This week has been a real struggle, emotionally, mentally and also physically. My mind, body and soul are just so tired. I’m still struggling with my sleep and as well as yowling cats, a hot room and dealing with the lack of white noise, I now also have a hooting owl to contend with. And all of this is going on whilst my brain is trying to do backflips instead of winding down for sleep. Everything in my life right now has fallen off the wagon in a big way and I’m exhausted.
It’s time to hit the reset button and start to make my way back to where I was before I fell down and start getting back to me. It’s time to try some new things rather than falling back into my old and stuffy routines. This past week has been a week of moping around feeling sorry for myself, and probably eating too much spaghetti. It hasn’t been a place that I’ve enjoyed being in, despite it being wholly necessary. A reminder that yes I am allowed to feel like this, and it’s ok.
So now I need to pick myself back up again, and an early morning ride in the sunshine with a friend and a good gallop to blow the cobwebs away was definitely the push I needed. I don’t think the weather has helped either. The lack of good sunshine and warmth compounding against a depressive episode is never a good combination. I have felt a little trapped at home recently, but with no motivation to go any further than up to the yard to see Skye after work so, this week I’m going to try getting up and going straight outside for a walk. I want to bring some exercise back in again, and perhaps that’s better placed before lunch to get some movement back into my body after a morning sat at my desk.

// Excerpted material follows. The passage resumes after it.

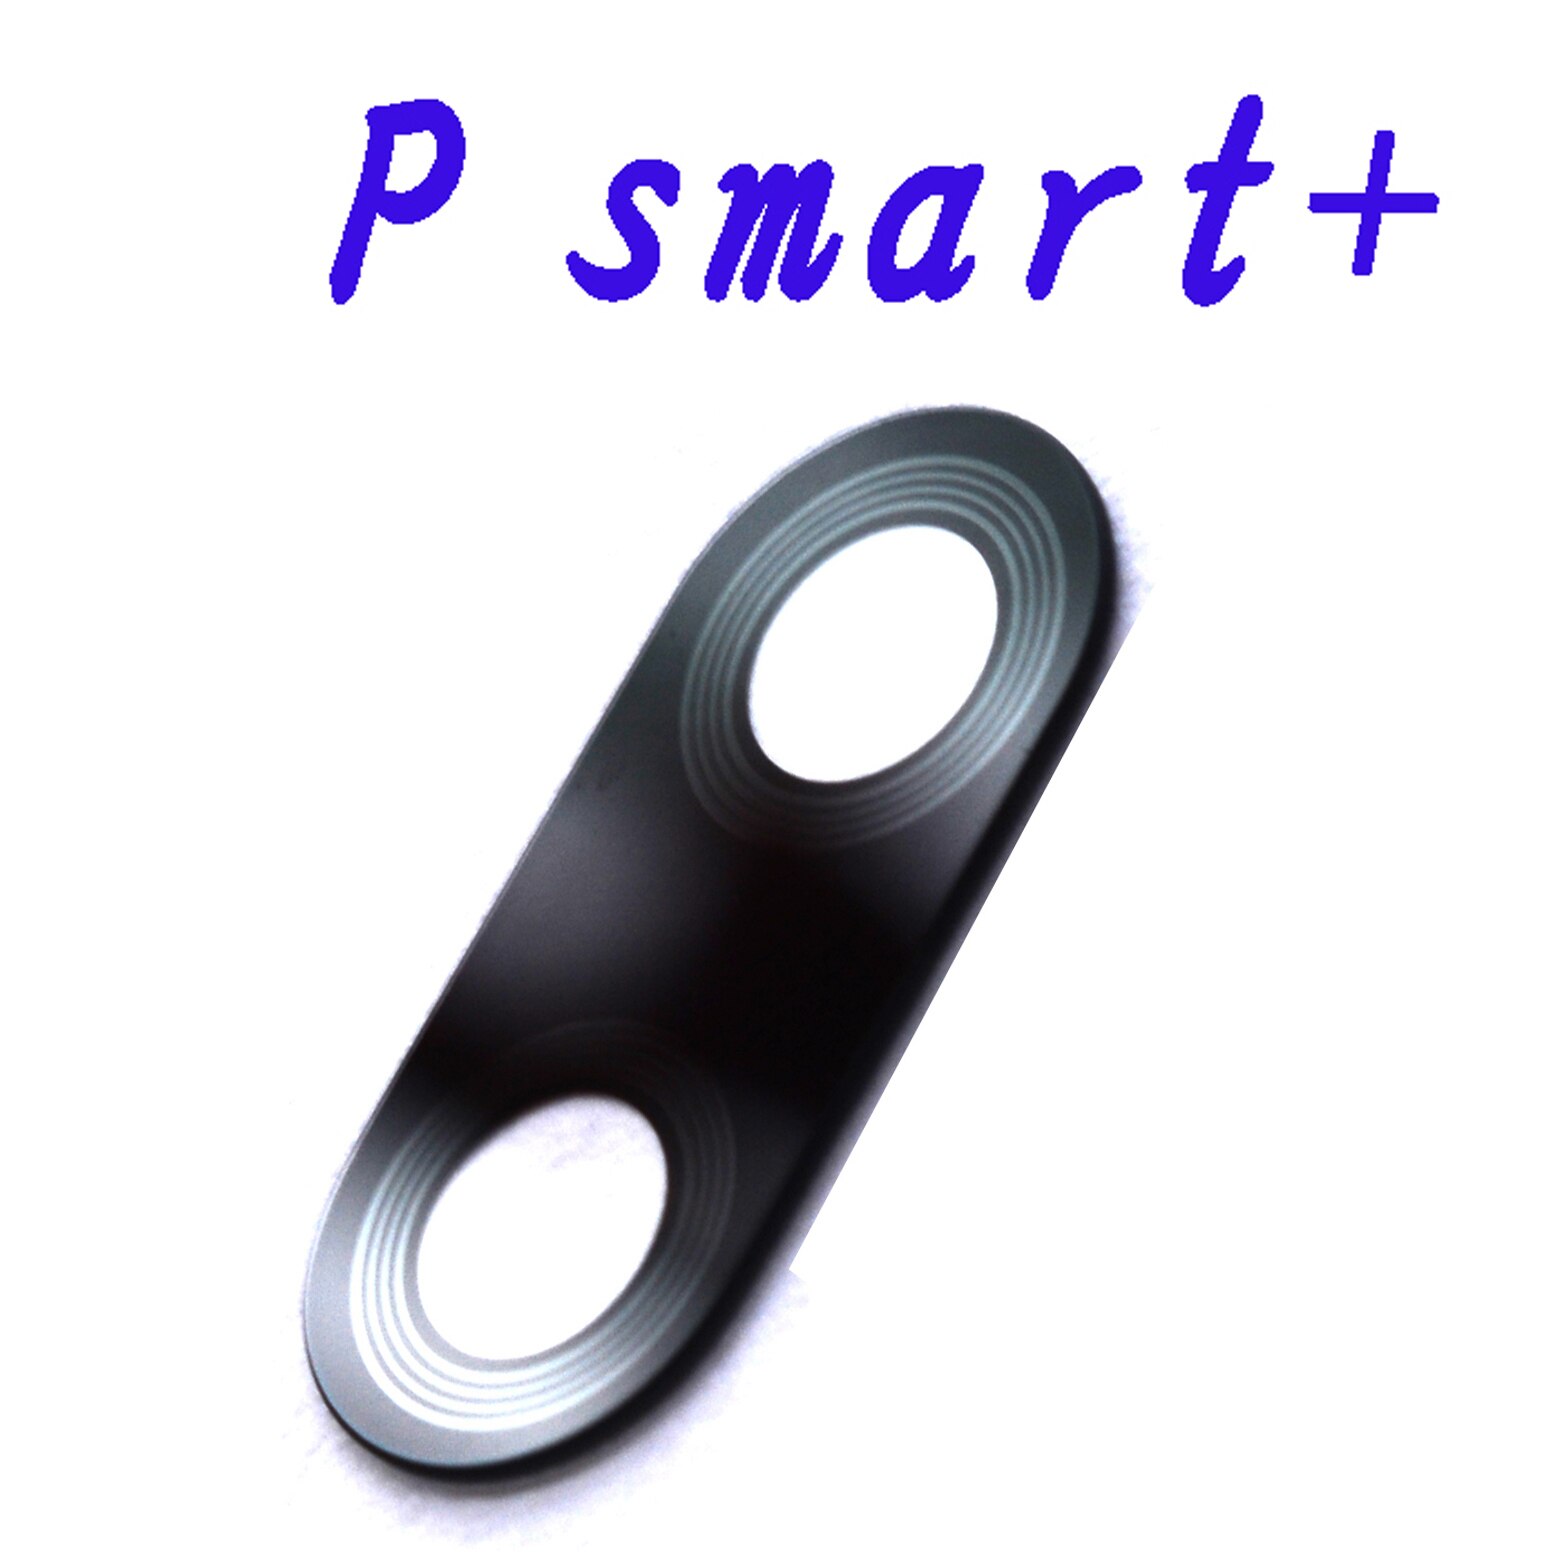 for P smart pro original rear camera glass lens for Huawei P smart + P smart +: P smart Plus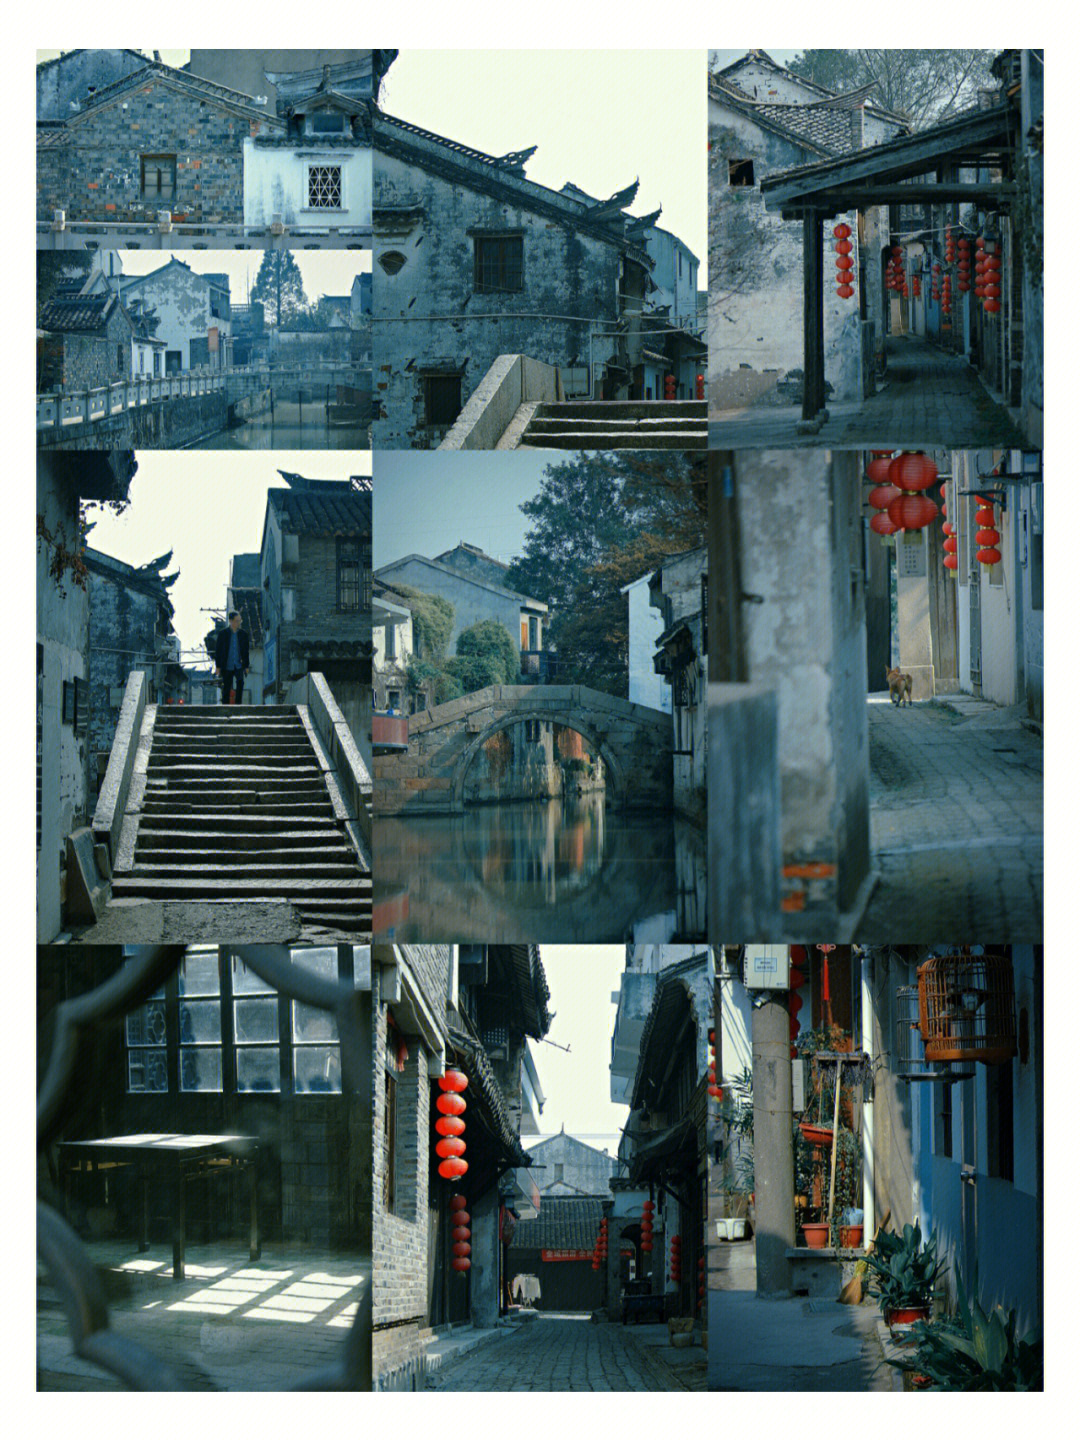 杨桥古镇小吃街图片

I must remember to be gentle with myself and take things slowly and softly. Even my Mum has noticed I have been pushing too hard, and her words “you don’t always have to be superwoman, you know” are a stark reminder that perhaps it’s time to ease up a little. But it is oh so difficult and so uncomfortable and perhaps I’ve been doing it so long now that I just don’t know how to stop and just be still anymore. Perhaps that guilt will always be there. Perhaps that feeling of restlessness will persist no matter what I do. But I can learn to live with it, and quietly put it to one side, if only for the briefest of moments to pause and catch my breath.

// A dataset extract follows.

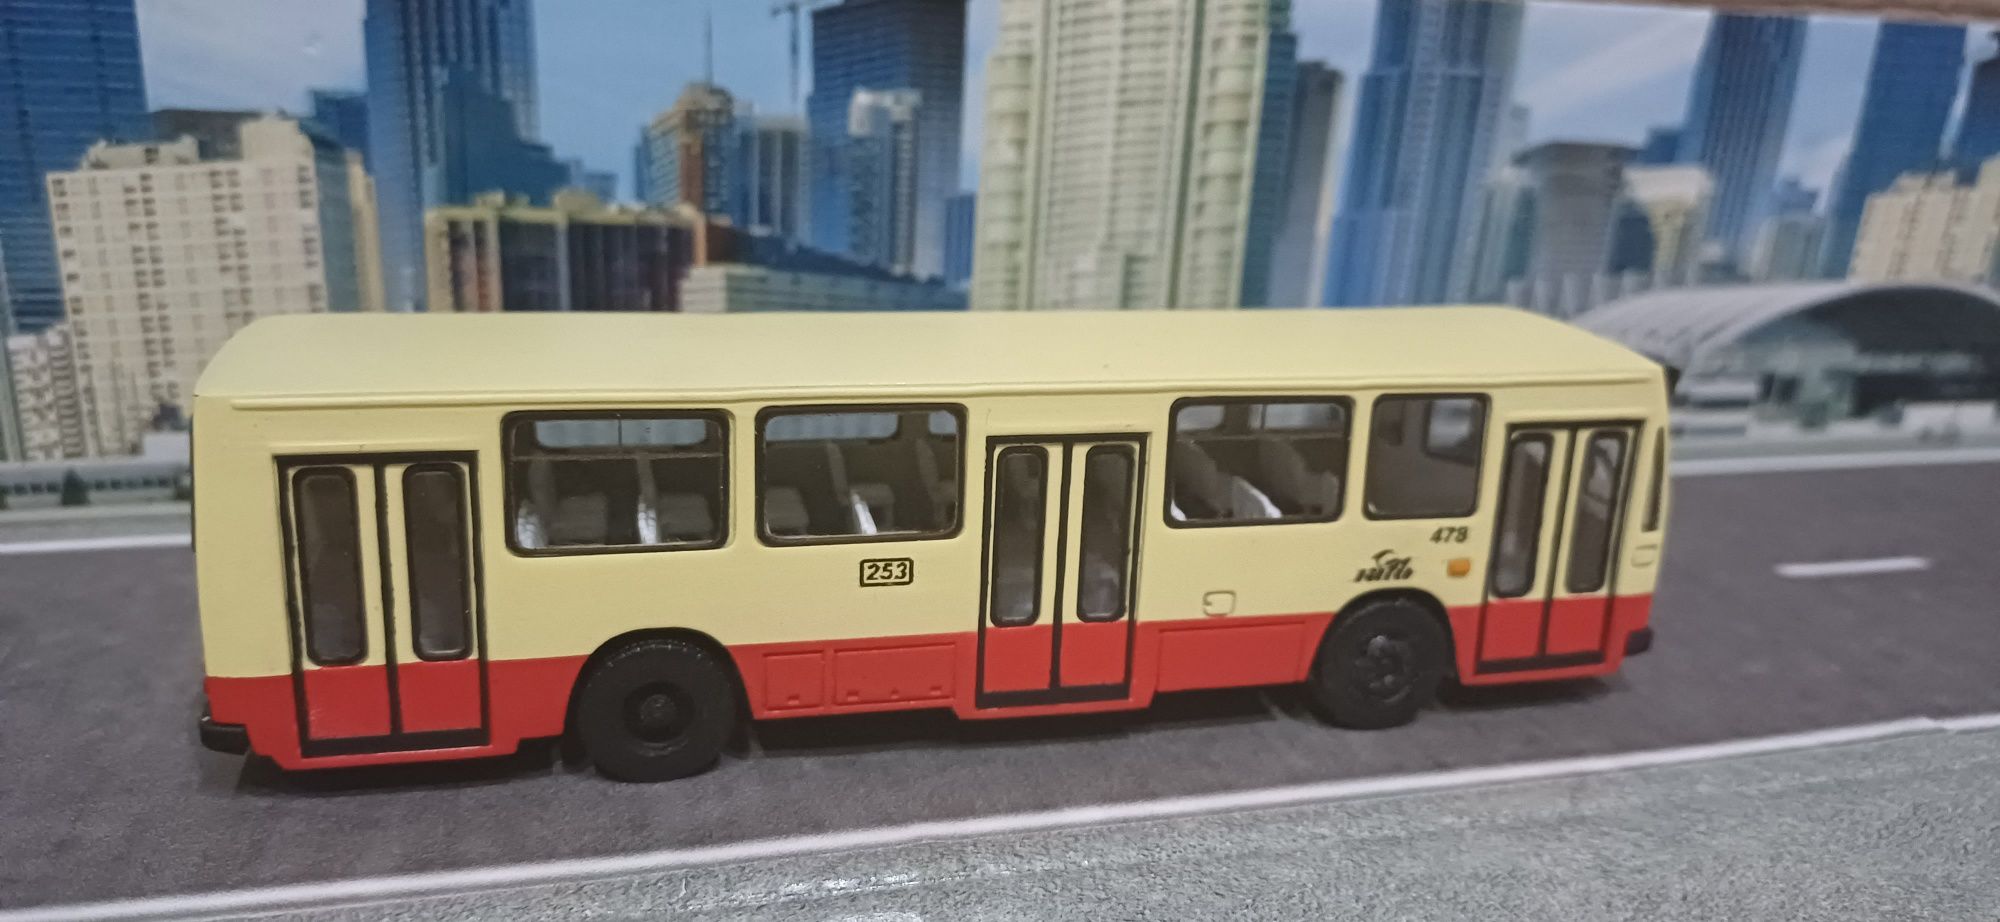 Macheta Autobuz Dac112 scara 1.87

Tom will be home soon, 28 days to go. Not that I’m counting. I know that I can hold on for just a little while longer, but during that time I’ll be doing my best to get back to it, back to feeling more like myself. Re-tethering, re-grounding and tending to myself with love and softness. I am not often kind to myself, but it is time that I cared for myself in the ways I care for the people I love the most. It is time that I became one of those people I love the most.
Currently
Reading
I have been enjoying reading in the evenings after dinner and am still slowly making my way through The Wise Man’s Fear. It is taking a long time because I have really been struggling to sit still, always finding other things to do so any time spent reading has been sporadic and short.
Watching
I finished Sweet Magnolias and cried my way through the last few episodes… and now I’m on the hunt for other shows to fall in love with. Please send me your suggestions!
Listening to
(Or at least trying to…) People telling me to slow down. I have also been enjoying listening to the Diary of a CEO.
Loving
Spaghetti. Feeling cosy at home when it’s pouring with rain. Watching the big horse chestnut tree at the end of the garden change so subtly with the seasons. Mars bars. Being a tourist with my parents. Feeling the fog starting to lift when the sun comes out.
So much beauty here. We learn as we push past our limits. Push hard then step back. Know that you are always safe, as long as you are breathing there is more good than bad, or better yet get out of the good and bad and transcend in deep silence. You know deep inside you how to manage and go about your journey. You are committed to superwoman and also to self care and nourishment. You are rebirthing day by day, leveling up in understanding and capability to be & to love.
Thank you for this piece, sharing a slice of your beautiful life 🫶
"Everything in my life right now has fallen off the wagon in a big way and I’m exhausted." Just wanted to say that I'm feeling this in a big way right now too. And I'm just trying to pick myself back up each day and continue on as best I can. 🤍 Thank you for your honest words here.